Who can ever have a heart so hard that it will not melt on hearing the most lamentable event that once occurred in the world? There was a noble and holy mother who had an only son. This son was the most amiable that can be imagined - innocent, virtuous, beautiful, who loved his mother most tenderly; so much so that he had never caused her the least displeasure, but had ever shown her all respect, obedience, and affection; hence this mother had placed her affections on earth in this son. Hear, then, what happened. This son, through envy, was falsely accused by his enemies; and though the judge knew, and himself confessed, that he was innocent, yet, that he might not offend his enemies, he condemned him to the ignominious death that they demanded. This poor mother had to suffer the grief of seeing that amiable and beloved son unjustly snatched from her in the flower of his age by a barbarous death; for, by dint of torments and drained of all his blood, he was made to die on! an infamous gibbet in a public place of execution, and this before her own eyes.

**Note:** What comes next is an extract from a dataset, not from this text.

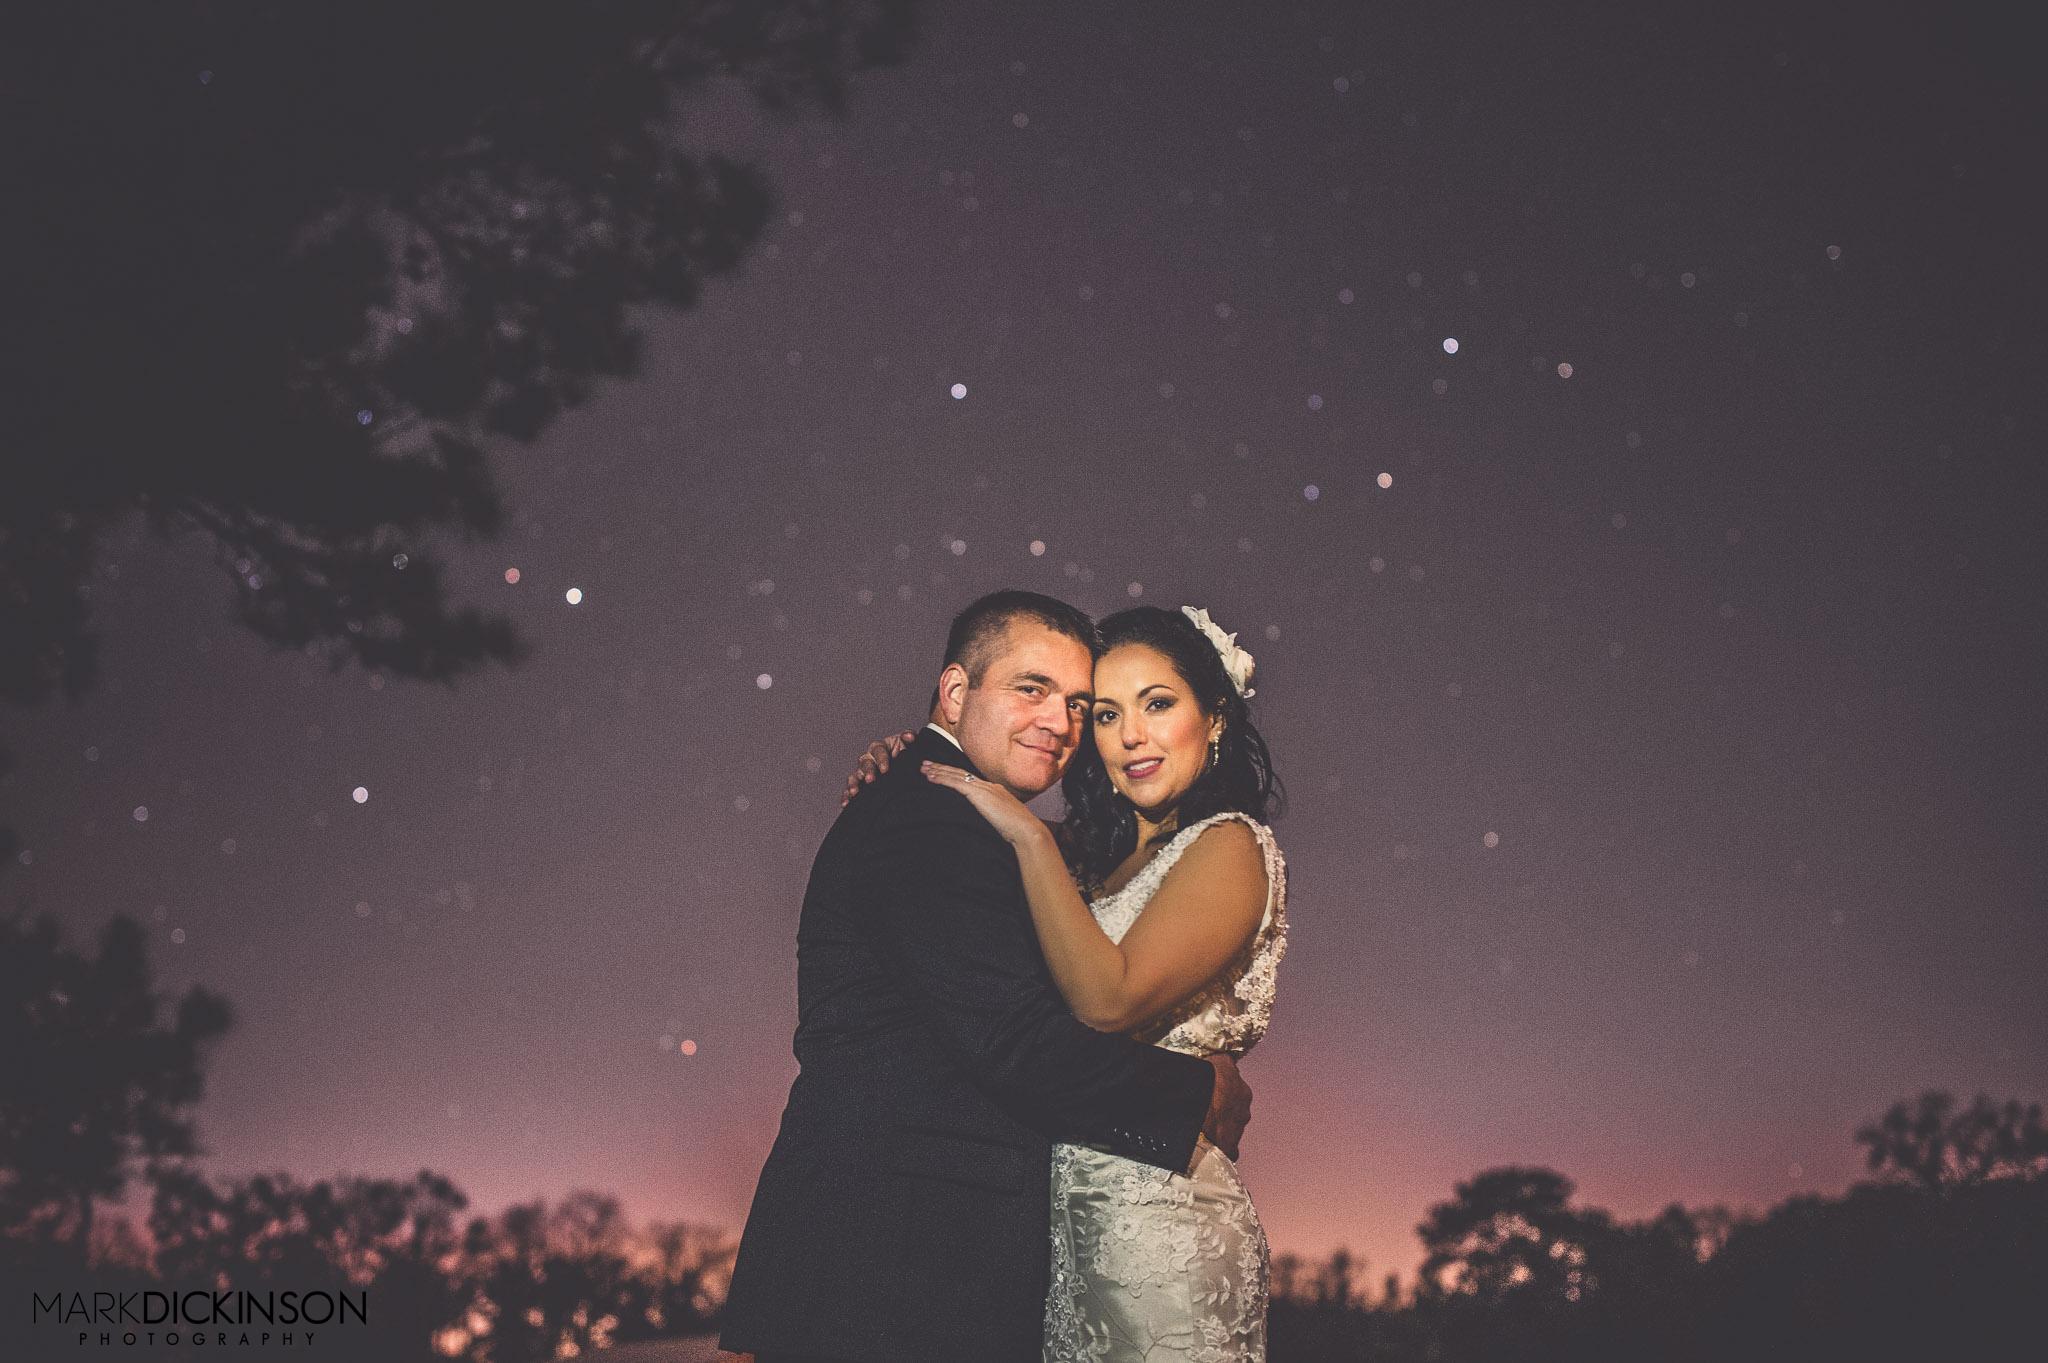 Central Florida night Photographer

Devout souls, what say you? Is not this event, and is not this unhappy mother, worthy of compassion? You already understand of whom I speak. This son, so cruelly executed, was our loving Redeemer Jesus; and this mother was the Blessed Virgin Mary; who, for the love she bore us, was willing to see him sacrificed to divine justice by the barbarity of men. This great torment which Mary endured for us - a torment that was more than a thousand deaths - deserves both our compassion and our gratitude. If we can make no other return for so much love, at least let us give a few moments this day to consider the greatness of the sufferings by which Mary became the Queen of martyrs; for the sufferings of her great martyrdom exceeded those of all the martyrs; being, in the first place, the longest in point of duration; and in the second place, the greatest in point of intensity.